Rapid Building Technique Gets Scrutiny After Bridge Collapse
As the 950-ton concrete bridge section was swung into place over a highway last weekend, Florida International University officials were beaming with pride.
The pedestrian bridge on the edge of the Miami-area campus was a signature achievement of the school's Accelerated Bridge Construction University Transportation Center, a research group set up with federal funding a few years ago to show how spans could be built faster and cheaper in the U.S.
"FIU is about building bridges and student safety. This project accomplishes our mission beautifully," FIU President Mark B. Rosenberg boasted that day. "We are filled with pride and satisfaction at seeing this engineering feat come to life and connect our campus to the surrounding community."
Five days later, the bridge collapsed onto the busy six-lane highway, crushing cars and killing at least six people in a tragedy now under federal investigation.
While it's not yet clear what caused the failure of the unfinished span Thursday, the disaster has cast a spotlight on a rapid construction technique widely used around the U.S.
Accelerated bridge construction, or ABC, involves assembling large sections of a span offsite, then moving the massive pieces into place all at once.
The technique eliminates the lengthy road closings and other traffic disruptions that can result when a bridge is built out over a highway piece by piece. It is also considered by some engineers to be safer for hardhat workers and motorists because much of the construction isn't done in the middle of traffic.
The general approach has been around since the mid-19th century — and has been used safely and successfully for a long time — but interest in ABC has increased in recent years as states have looked for quicker, less expensive ways to replace thousands of aging bridges.
In the case of the Florida tragedy, engineering experts said the question is where was the fatal mistake: in the design of the bridge, in the way its construction was carried out or in the materials used?
Civil engineering experts who viewed photos of the planned structure and the collapse have raised questions about how FIU and its contractors approached the project.
To some bridge engineers, the decision to install the span's main concrete segment over a busy road before building its main support tower was puzzling. Traditionally, the tower is constructed first, and the walkway or roadway is anchored to it with cables.
"It's odd," said Henry Petroski, a professor of civil engineering at Duke University and a leading authority on engineering failures. "That's probably why they used this so-called ABC method, so they could get the span over the roadway in one operation, because if you do it incrementally, you have to interrupt traffic."
Investigators will also be looking at the companies building the project, a collaboration between MCM Construction, a Miami-based contractor, and Figg Bridge Design, based in Tallahassee. Both companies have been involved in construction accidents before.

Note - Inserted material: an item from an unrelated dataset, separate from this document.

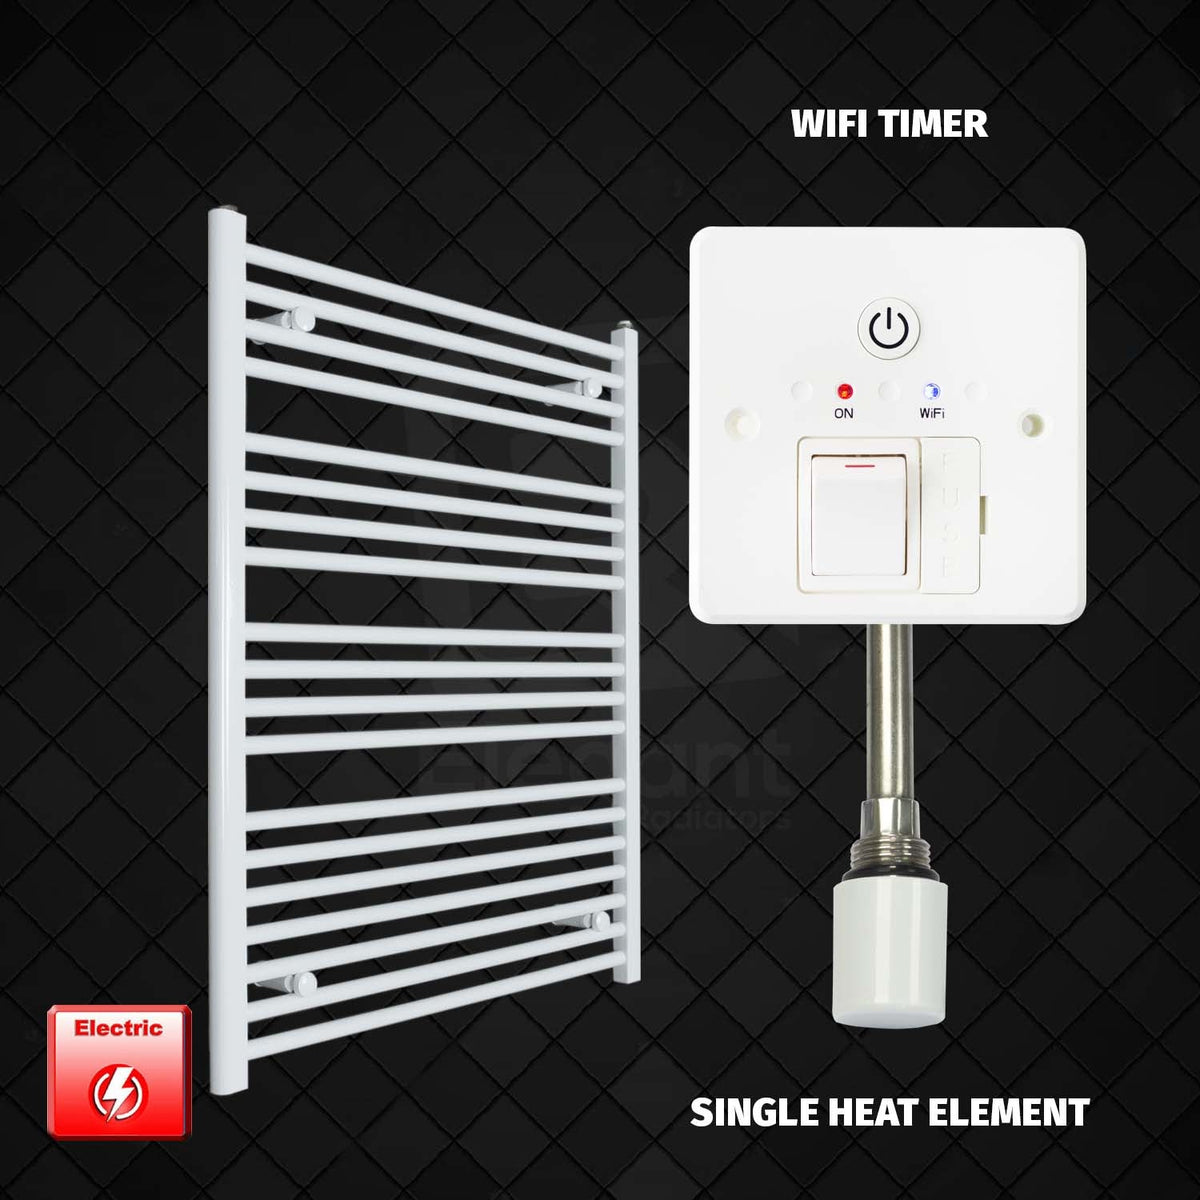 1000 mm High 800 mm Wide Pre-Filled Electric Heated Towel Rail Radiator White HTR Single heat element Wifi timer

FIGG was fined in 2012 after a section of a bridge it was building in Virginia fell and injured several workers. Virginia's labor department later fined Figg for construction violations, and a subcontractor sued accusing the firm of negligence and poor design. MCM was accused of substandard work in a lawsuit filed this month by a worker injured when a makeshift bridge the company built at the Fort Lauderdale airport collapsed under his weight.
Professor Amjad Aref, a researcher at the University at Buffalo's department of civil, structural and environmental engineering, said it is unclear what the builders at FIU were using in lieu of a tower to support the segment that collapsed.
The span had some kind of cables to help support it, and the bridge section that collapsed was attached to two smaller pylons at either end.
But in ABC projects like the FIU span, the loss of the extra support from the main tower during construction is a risk, he said.
"Until all the pieces are put together to transmit the loads safely to the foundations, these bridges may suffer disproportionate or full collapse due to instability," Aref said. "Typically, this process requires a few weeks. During that time, they are often supported by another system to ensure stability because they are really vulnerable to collapsing."
"I am really puzzled that the tower does not exist," Aref said.
Utah started using the ABC technique in 2007 and it has since become the primary way bridges are built, with more than 200 of them around the state, said Carmen Swanwick, chief structural engineer with the state Transportation Department. She said the Miami collapse doesn't undermine her confidence in Utah's bridges, which are inspected every two years.
"I have no concerns," Swanwick said. "We believe it improves quality. A lot of times, the component or the bridge itself is constructed in a more controlled environment."
Engineers say the method has been used safely in other projects for years, and in general keeps the public safer.
"What really bothers me is with ABC, the benefits are so substantial that I would hate to see this accident lead to its reduced use," said Michael Culmo, a bridge engineer in Connecticut who has worked on accelerated construction projects for decades. "While this is a tragedy, the process itself is very safe."
Associated Press writer Brady McCombs contributed to this report from Salt Lake City.